Ah, but what about the kids, you ask? All of this — the bans, the restrictions, the calls for higher taxes — is justified as a way to protect kids. And, in fact, no one wants kids to vape or smoke. But there are steps, short of a ban, that could protect young people without taking vapes away from adult smokers.

Less than two years ago, for example, federal law increased the age of sale for all tobacco products from 18 to 21. Beefing up enforcement to Tobacco21, as it’s known, could go a long way to keeping e-cigarettes away from young people.

In last month’s settlement of a lawsuit brought against e-cigarette maker Juul by the state of North Carolina, Juul agreed to require its retailers in North Carolina to adopt automated systems to verify shoppers’ ages and to send “mystery shoppers” to nearly 1,000 stores each year, to see whether they are following the law.

New evidence also suggests that This is Quitting, a free, anonymous text-message program from Truth Initiative, is succeeding at its goal of helping young people to quit vaping.

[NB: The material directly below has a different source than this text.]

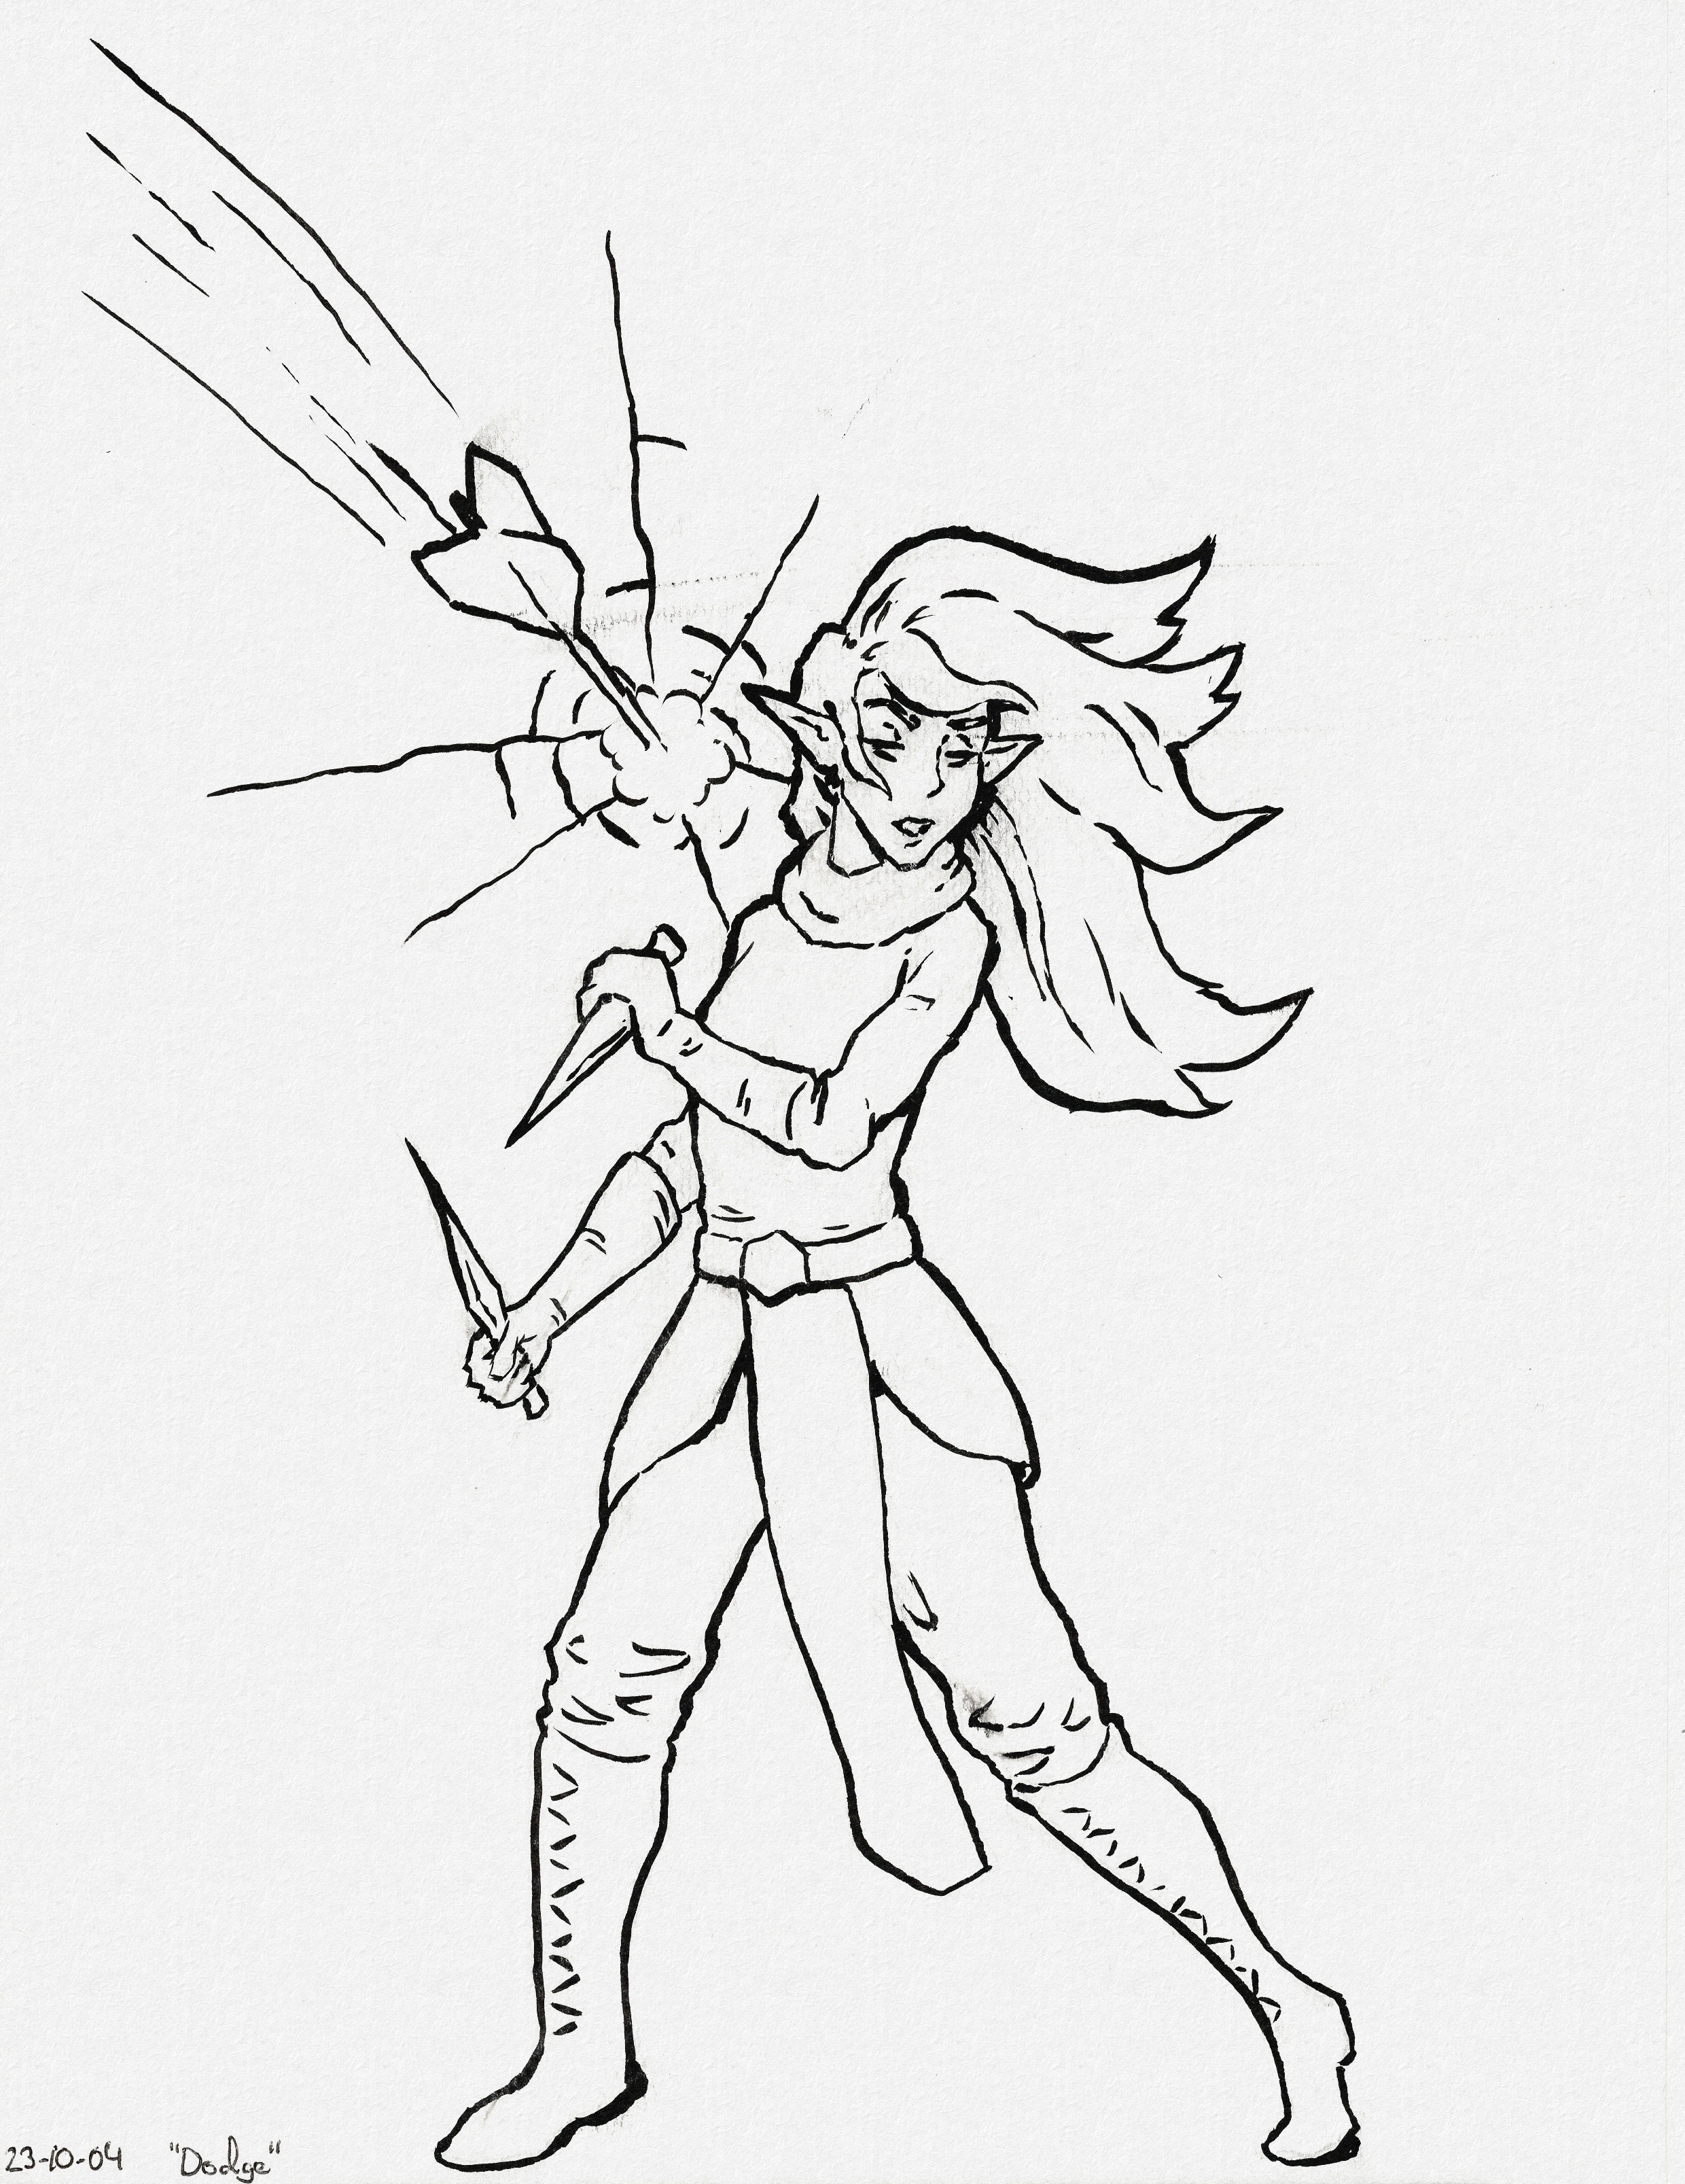 A dagger-wielding elven assassin narrowly dodging a large arrow aimed at their head. The impact of the arrow has made their long hair billow to the side and cracked the wall behind them in a radial pattern.

Most of the messages in This is Quitting are written by young people who offer strategies, tips and encouragement.

In a recent webinar called Unvaping America’s Youth, Amanda Graham, a tobacco researcher and chief of Innovation at Truth Initiative, said: “What that says is that lots of other people are quitting and quitting is possible.”

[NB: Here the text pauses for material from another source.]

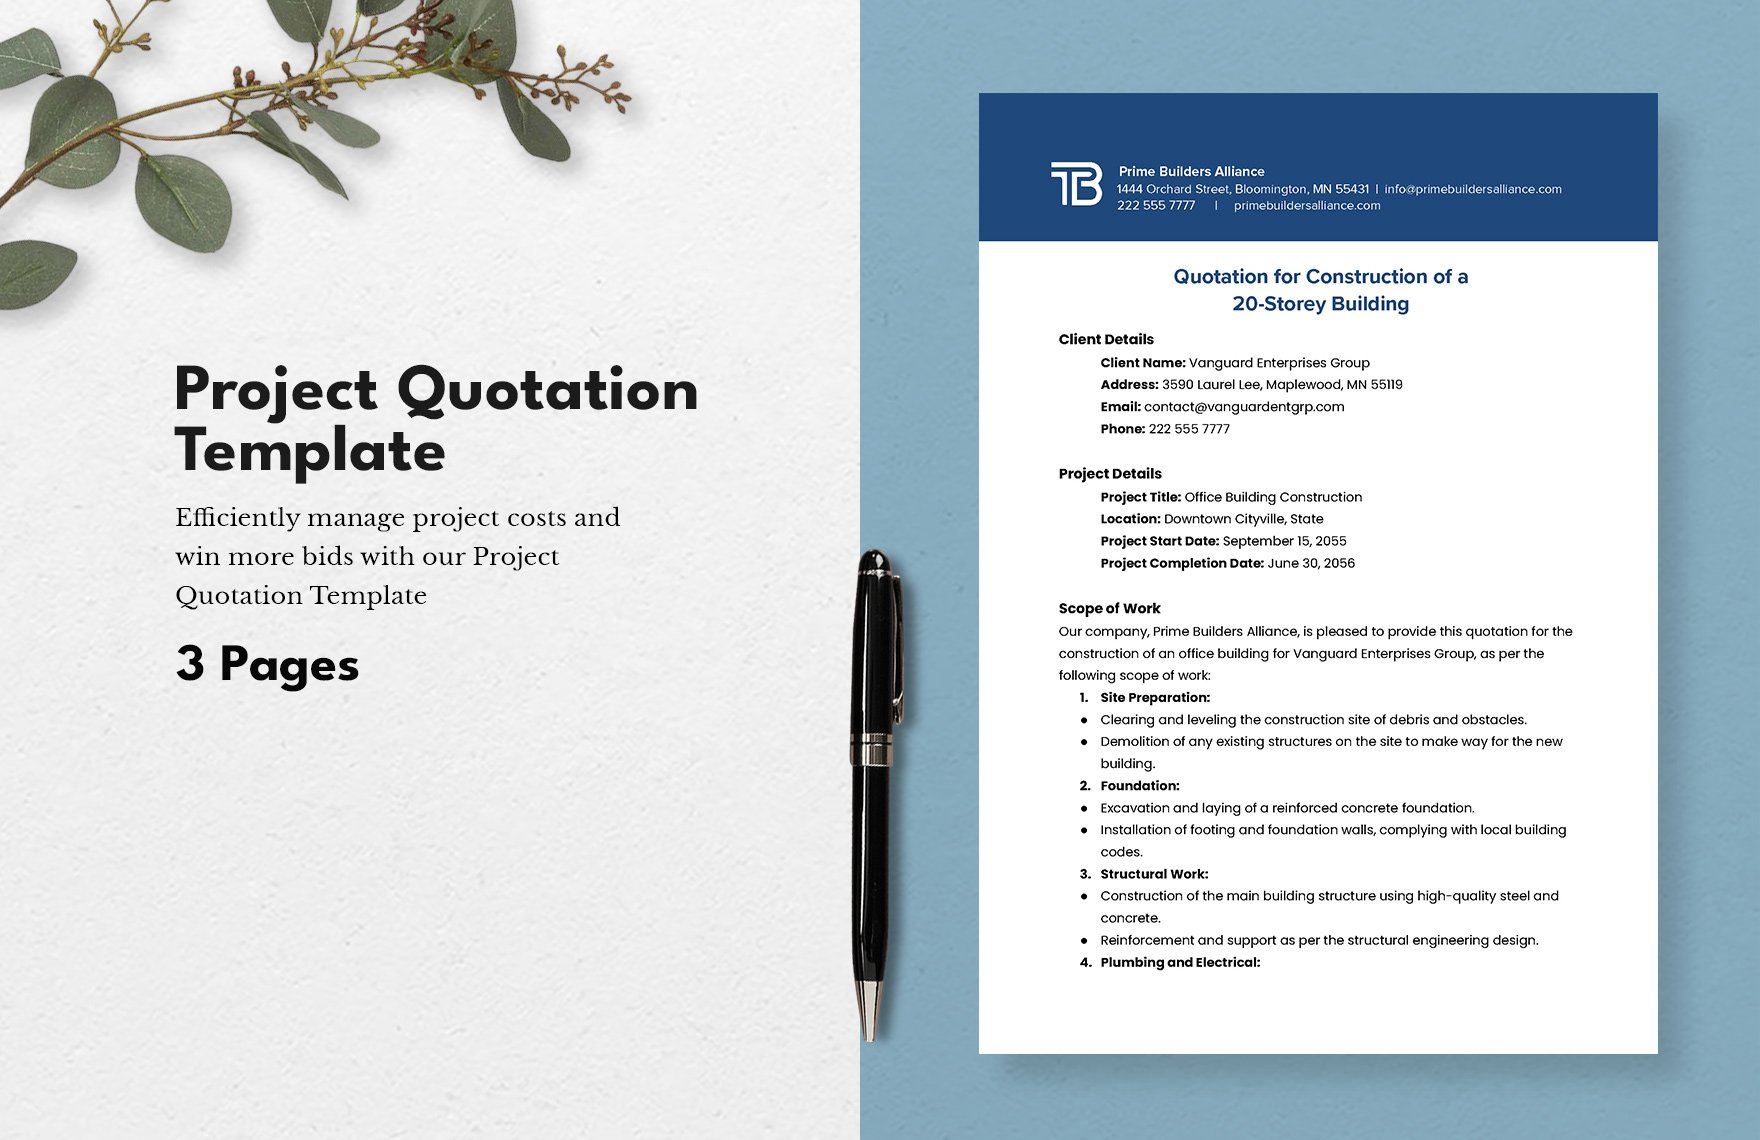 Project Quotation Template

Since the program launched in January 2019, nearly 350,000 young people signed up. Two-thirds completed the program. Separately, a randomized clinical trial of 2,588 young adult vapers found that the abstinence rates of those assigned to the This Is Quitting program were 24.1 percent, compared to an 18.6 percent quit rate of the control group. In a report in JAMA Internal Medicine, Graham and colleagues conclude that “a tailored and interactive text message intervention was effective in promoting vaping cessation among young adults.” More than 90 percent of the participants had high levels of nicotine dependence.

Interestingly, Graham mentioned during her online talk that about one-third of the young people in the trial reported that they also smoked cigarettes and 60 percent reported that they used marijuana. “Binge drinking was extremely common,” she said, “and about half the sample screened positive for anxiety or depression.”

These kids, in other words, have issues, which raises questions: Are flavored vapes the problem? Is prohibition the solution? Vaping isn’t going to kill these young people; smoking, binge drinking or suicide might.

It’s no surprise, of course, that the Campaign for Tobacco-Free Kids, Truth Initiative and Parents Against Vaping see kids through the narrow lens of vaping. Like the Anti-Saloon League and the Women’s Christian Temperance Union, they focus on the drug, not the user.

Those who care about the health of kids — as well as the millions of adults who can benefit from vaping — need not be so myopic.